Covid-19, Usul Cetak Uang: Realitas dan Dilema

Ide mencetakk uang untuk atasi krisis ekonomi sangat dilematis dan sulit diwujudkan.

Ramson Siagian, Anggota DPR Komisi XI
Foto:

Upaya memperoleh Repo line oleh BI dari The Federal Reserve sebesar USD 60 miliar atau setara Rp 900 triliun saat kurs Rp 15.000, dan menjadi setara  Rp 1.002 triliun saat kurs Rp 16.700,- adalah upaya yang tepat untuk persiapan operasi moneter selanjutnya dan lebih tepat daripada  melaksanakan usulan cetak uang yang risiko terlalu tinggi. 

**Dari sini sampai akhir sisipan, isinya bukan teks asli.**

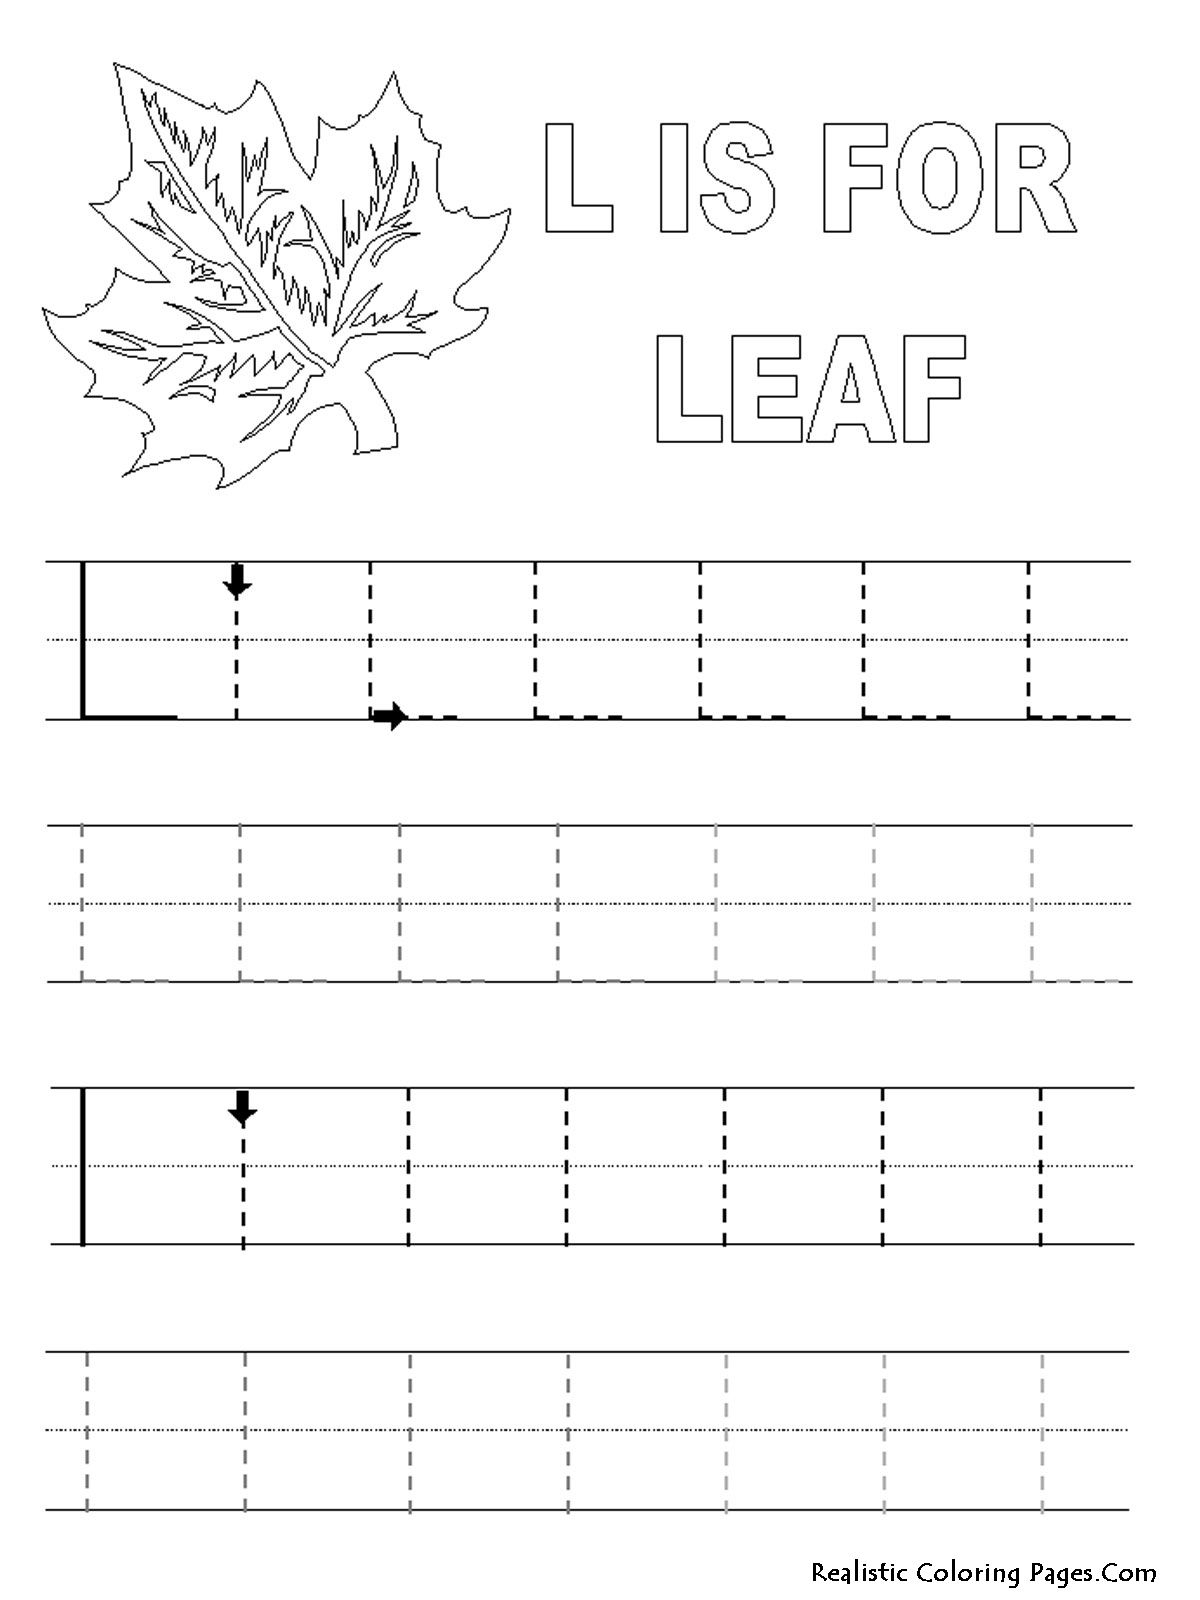 Alphabet Tracer Pages L Leaf | Tracing Sheets, Preschool within Letter L Tracing Page

Memang ada juga dalam pelaksanaan Quantitative Easing sebagai bagian dari Modern Monetary theory  memberi contoh kebijakan The Bank of Japan. Tapi dalam pelaksanaan teori teori ekonomi dan moneter tentunya dipengaruhi oleh banyak variabel. 

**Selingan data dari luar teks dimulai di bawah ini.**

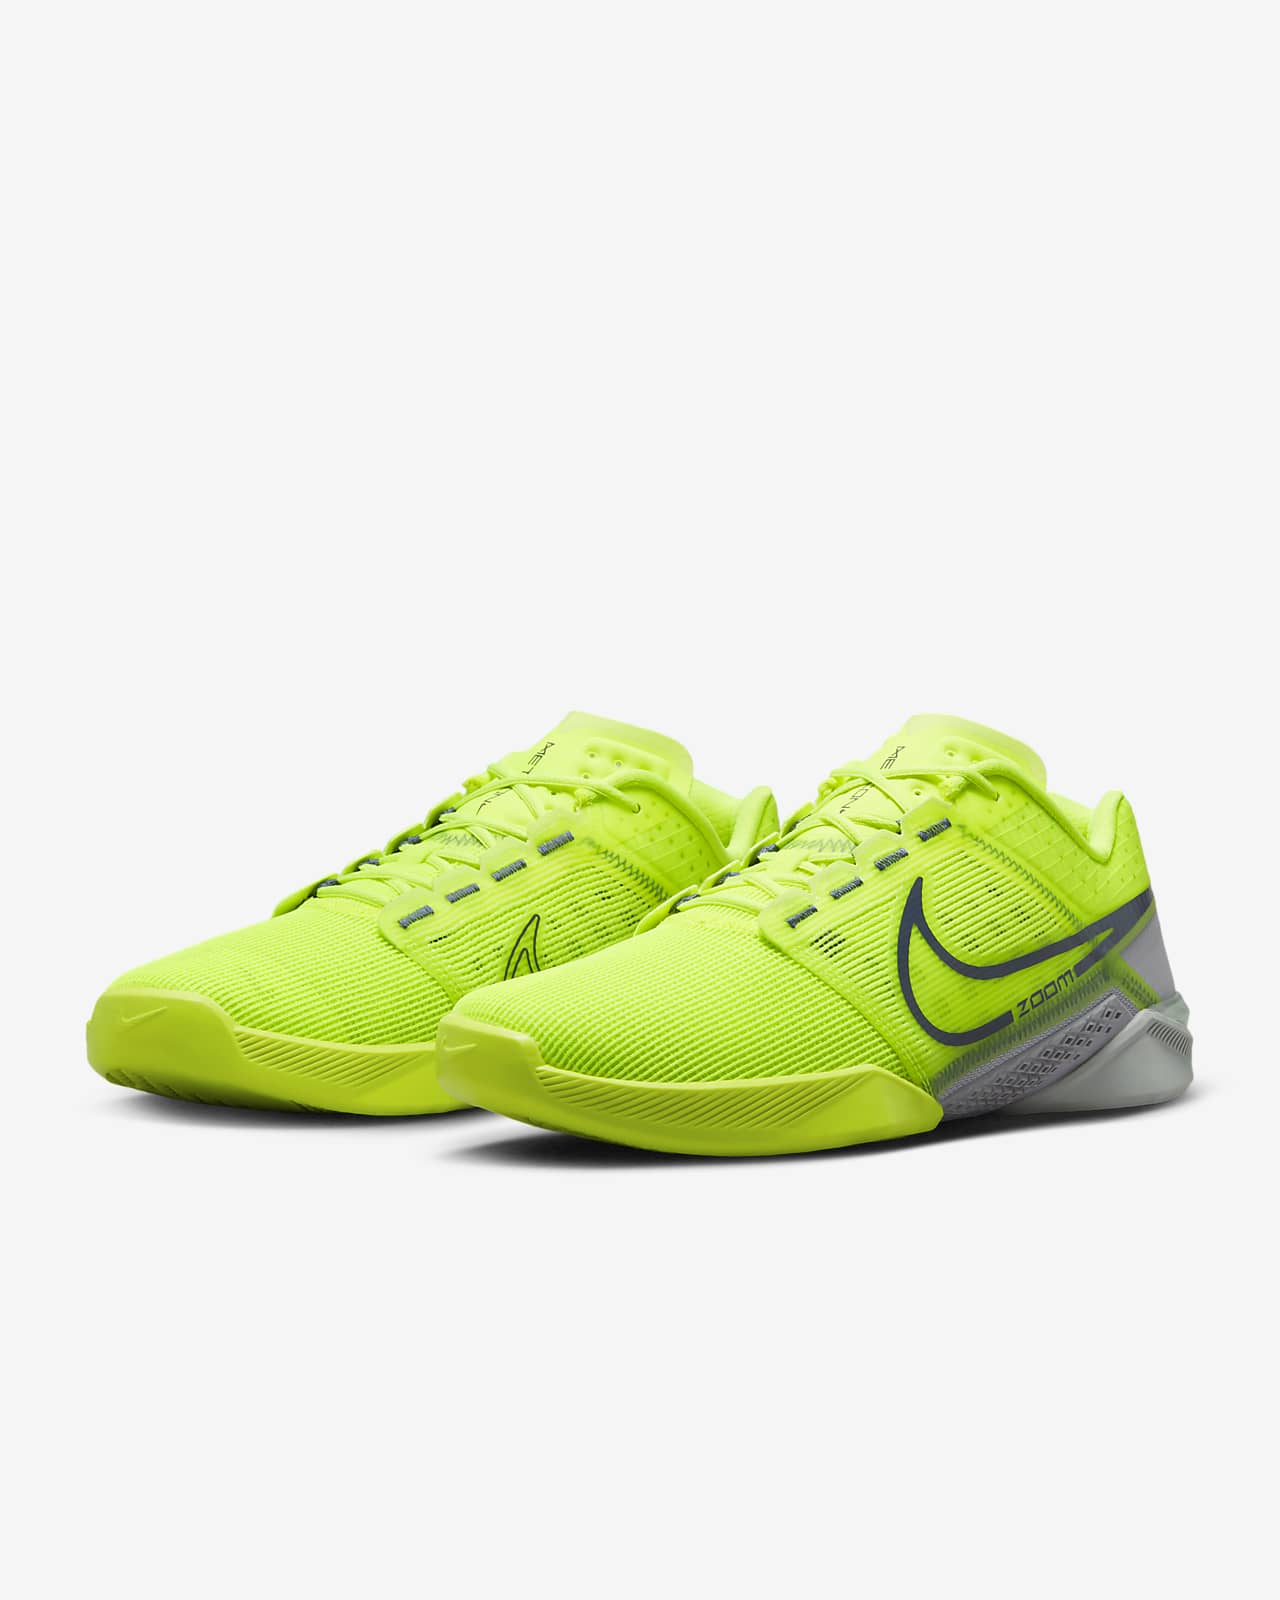 Nike Zoom 2 Men's Workout Shoes. Nike ID

Pada awal 2020 Jepang memiliki Cadangan Devisa sekitar USD  1,387 miliar (satu triliun tiga ratus delapan puluh tujuh miliar US Dollar). Variable jumlah cadangan devisa Bank of Japan membuat Jepang lebih bebas bervariasi menjalankan Quantitative Easing, berbeda dengan Indonesia yang hanya mempunyai cadangan devisa sekitar USD 130 miliar (seratus tiga puluh miliar US Dollar) serta  posisi variable variabel lain seperti struktur investor Surat Utang Negara, dll.

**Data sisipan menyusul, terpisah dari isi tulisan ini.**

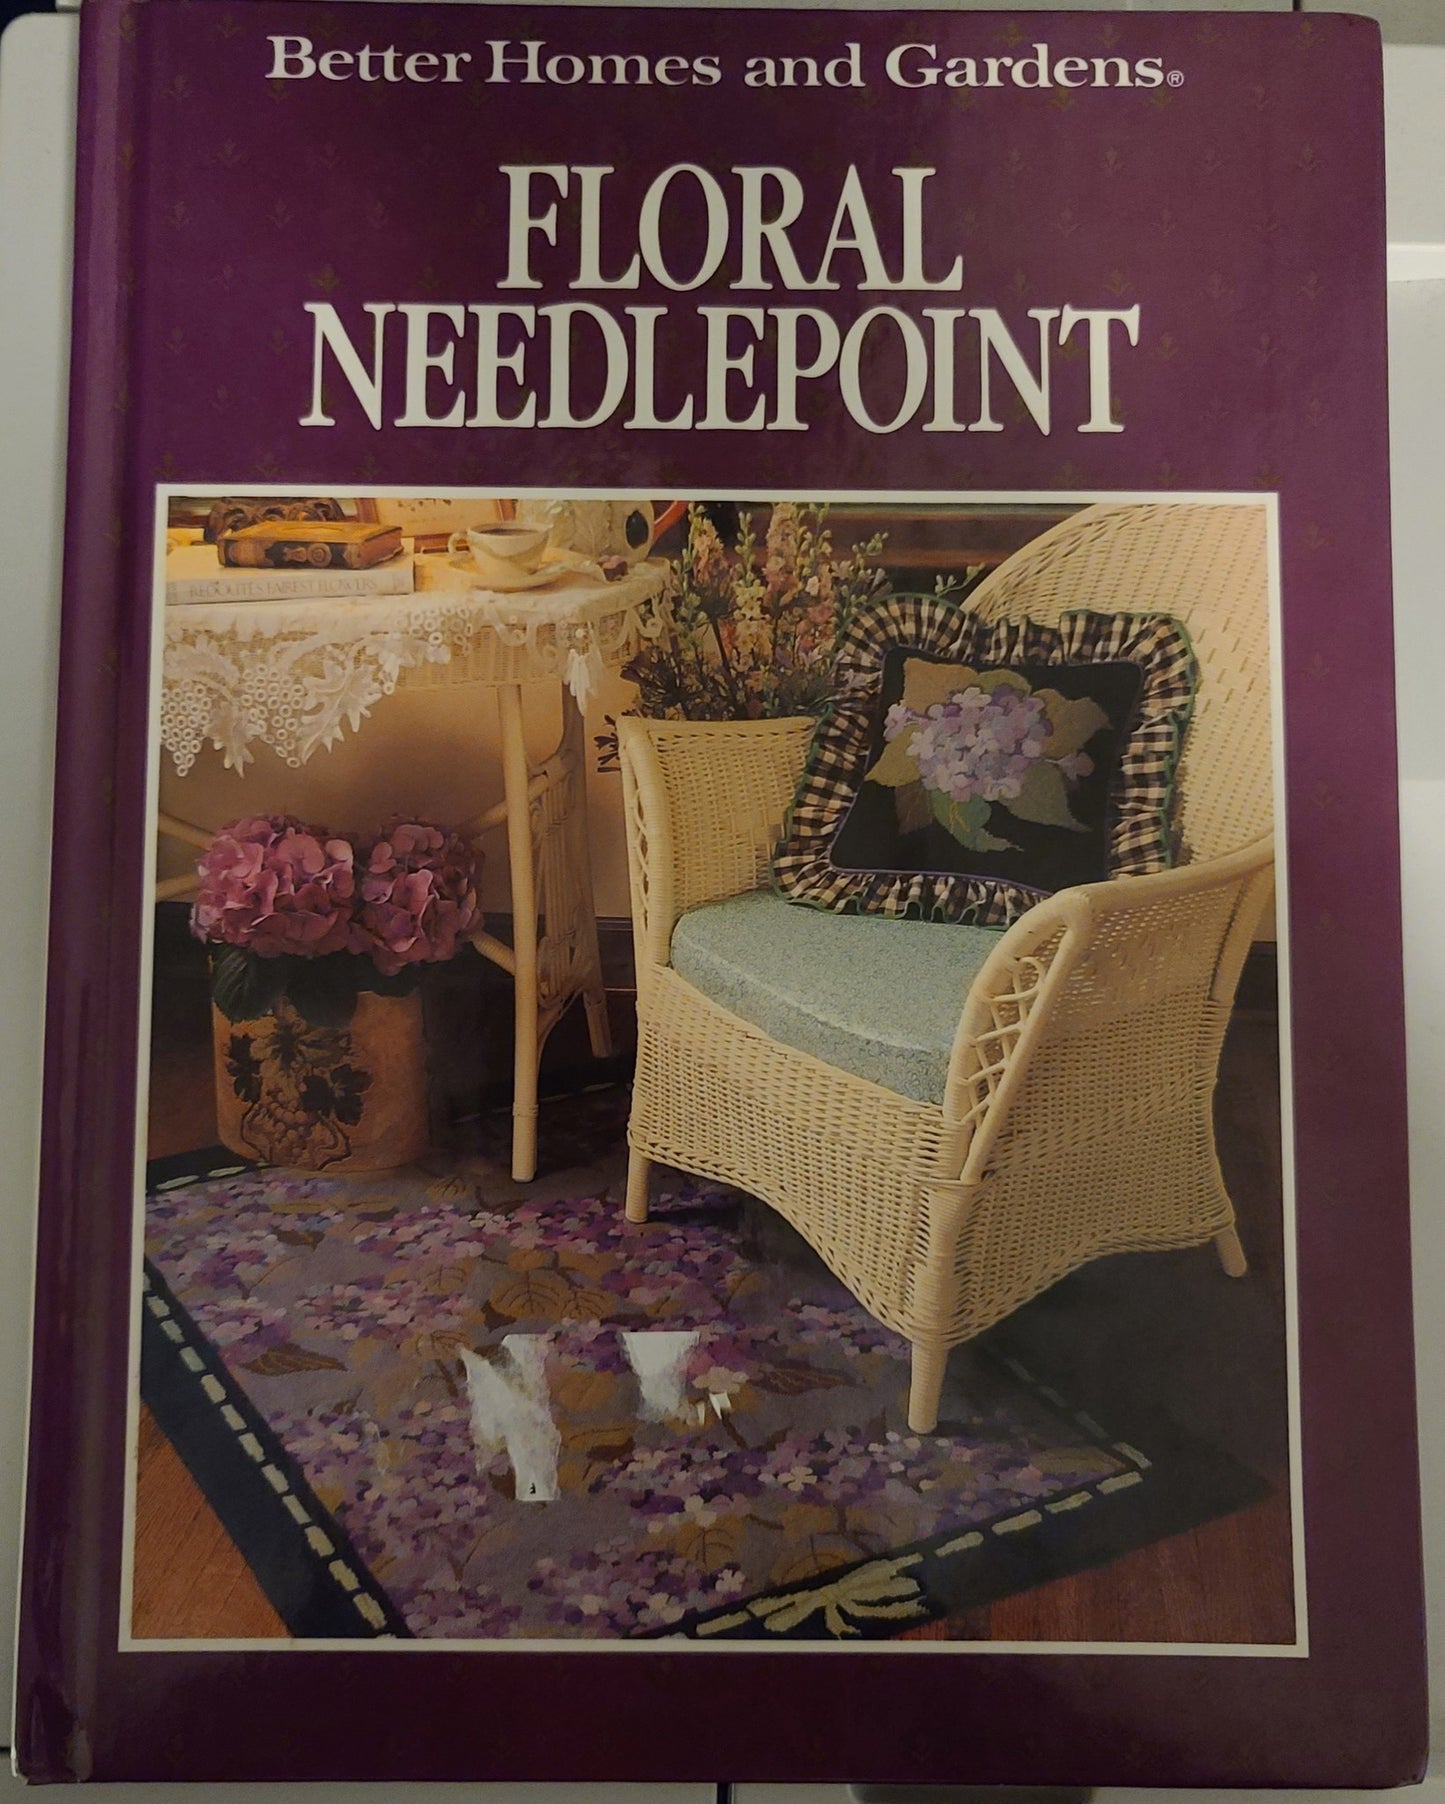 Better Homes & Gardens: Floral Needlepoint

Jika Bank Indonesia melakukan kesalahan strategis dalam membuat kebijakan moneter, selain laju inflasi akan meningkat tajam  posisi rupiah akan melemah tajam  dan cadangan devisa juga akan berkurang siknifikan  karena  potensi terjadinya capital flight, dan nilai utang serta bunga utang  foreign currency baik pemerintah maupun swasta jika dikonversi dengan rupiah akan membengkak tak terkendali. 

Kita tentu tidak perlu dengan kacamata kuda melihat perkembangan Quantitative Easing.  Intinya jika dilihat dari salah satu basis teori moneter MV=PT, poinnya  untuk menggerakkan ekonomi saat ekonomi melambat atau saat ekonomi menunjukkan potensi resesi memerlukan peningkatan likuiditas atau  pelonggaran uang  (M) secara besar besaran. 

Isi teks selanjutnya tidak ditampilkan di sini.